Стеклянный шарик - Лукьянова Ирина 2 стр.


…а все сидишь, и сидишь, и сидишь…

Ночью и плакатов нет. Уже и сама себе надоешь, а все не спишь, и не спишь, и не спишь.

Ночью комната другая: цвета уходят, зато приходят узоры. Узоры и днем есть, они складываются из рисунка плитки, из орнаментов и трещин, из пятен и складок, и мама думает, что Ася ненормальная, потому что она внезапно смеется, а на полу смешная рожа из пятен.

Ночью узоры страшные: рожи и пальцы. Глаза слепые, пучеглазые, как у глубоководных рыб, раззявленные пасти. Ходить по полу опасно, схватят. Свешивать одеяло с кровати опасно, утянут. Подходить к стулу опасно, на нем висит халат-людоед. Он протянет к тебе безрукие рукава и усосет.

Мимо дома проходят машины, и по темному потолку пробегает светлый веер: слева направо, слева направо, слева направо. Это большая дама машет светлым веером, если у нее руки на втором этаже, то где голова? На крыше, наверное. В огромной шляпе. Когда она снимает шляпу, может закрыть всю крышу. Когда она машет веером, надо притаиться: вдруг она засунет руку в окно? И все кактусы посыплются.

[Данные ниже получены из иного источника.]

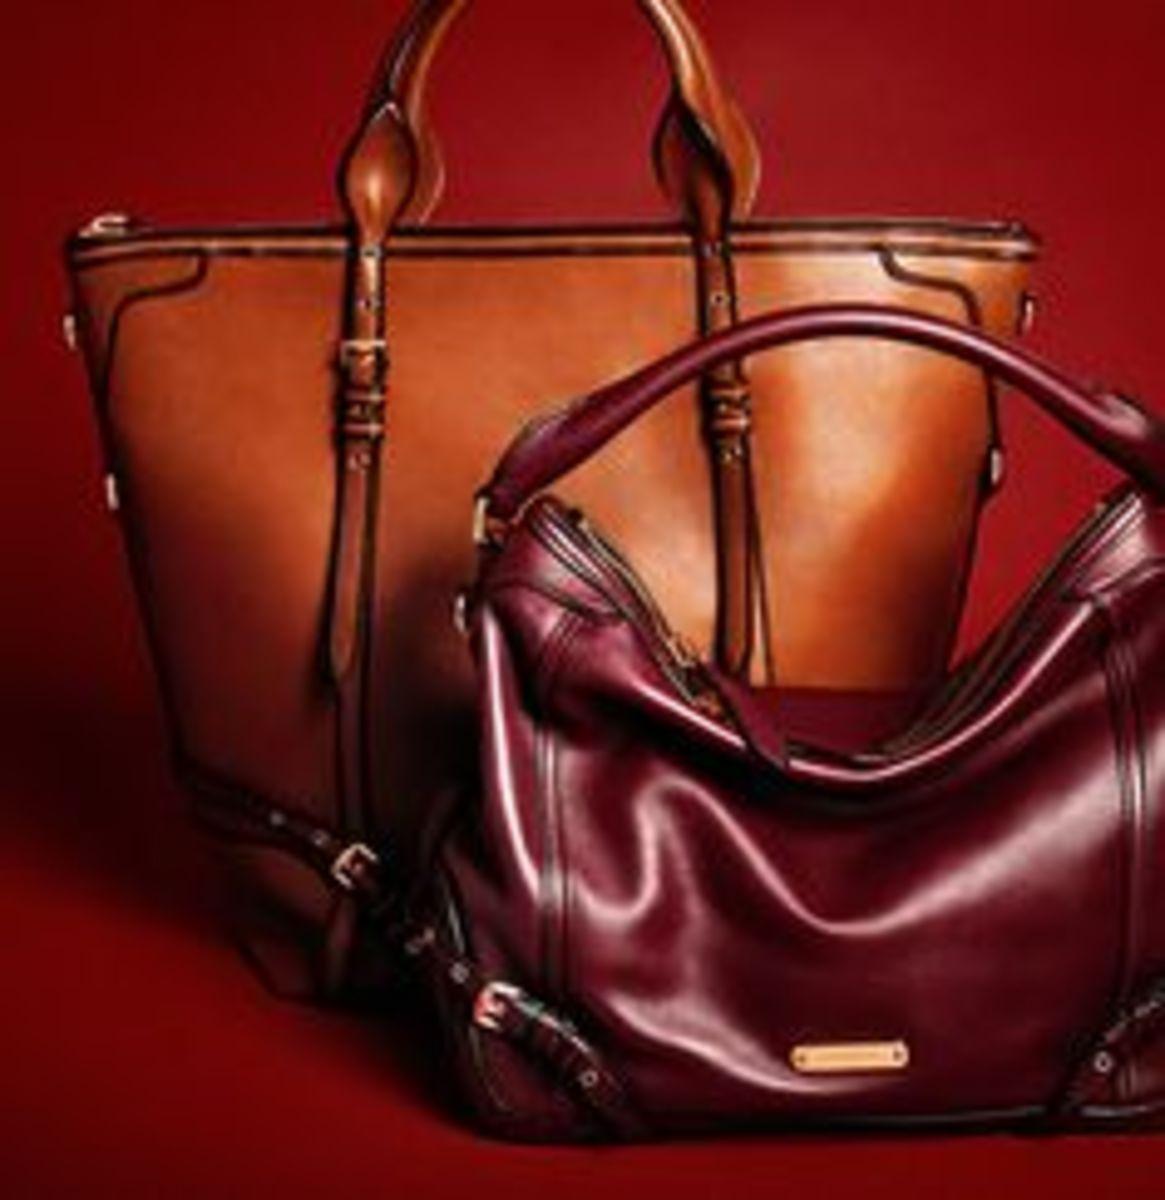 Iconic British Luxury Brand Est. 1856

Сидеть и плакать в ночном аквариуме, полном слепых глаз, потому что страшно сходить в туалет.

— Ася, что случилось?

— Мне страшно.

— Что опять?

— Я в туалет хочу.

— Иди.

— Включи свет.

Свет падает, и они все разбегаются, как тараканы на кухне, — мама даже не видит, как они прячутся, шмыгают за плинтус, забираются под кровать, прикидываются халатами.

Мама сонная, щурится, потирает плечи, чешет руки спросонок, переминается с ноги на ногу на холодном полу.

— Подожди меня под дверью.

— Ася! Тебе уже шесть лет!

— Я боюсь!

— Иди спать.

— Можно к тебе?

— Ася, у тебя есть своя кровать. Давай я тебя укрою, поцелую, вот возьми Динку…

— Оставь свет!

— И как ты будешь спать?

— Я все равно не буду спать.

— Ася, не глупи. Спи давай, завтра вставать рано.

— А уже завтра.

— Ась, я спать хочу.

— Иди, мам.

Как только выключается свет, во всех углах шорох, они вылезают, смотрят, таращат глаза. Динка, скажи им. Сядь рядом, вот так.

Динка садится возле подушки. Пластмассовый нос водит по ветру, непришитое ухо топорщится, пришитое прижато, пуговичный глаз сверлит темноту.

Ночь длинная, длинная, она не кончается никогда. Никогда — длинное слово, длиннее, чем жизнь. Жизнь кончится, а никогда останется. Оно плодится, разрастается, складывается узорами, узоры делаются все сложнее, ветвятся все дальше, из больших веточек растут маленькие, из маленьких тоненькие, из тоненьких ниточные, из них еще мельче, а там совсем микроскопические, и не кончаются, и так дальше, и дальше, везде. Везде — тоже очень длинное слово. Человек такой маленький, а везде — очень большое, больше дамы с веером. Динка, тихо, она опять махнула.

Вот я тут сижу, кажется, такая большая, а если смотреть на веточки от никогда, то и я маленькая, и мама маленькая, как засохшая ягода на ветке, и Динки совсем не видно, а веточки растут, тянутся, тянутся, уже и нас не видно, и дома нашего, мы все уменьшились, а конца не наступает, и кажется, я падаю куда-то в яму, падаю и падаю..

АААААА!

— Ася! Что случилось?

— Я упала.

— Куда ты упала? Ты тут, на кровати. Тебе приснилось чего?

— Не знаю. Страшное.

— А не надо страшные сказки на ночь читать.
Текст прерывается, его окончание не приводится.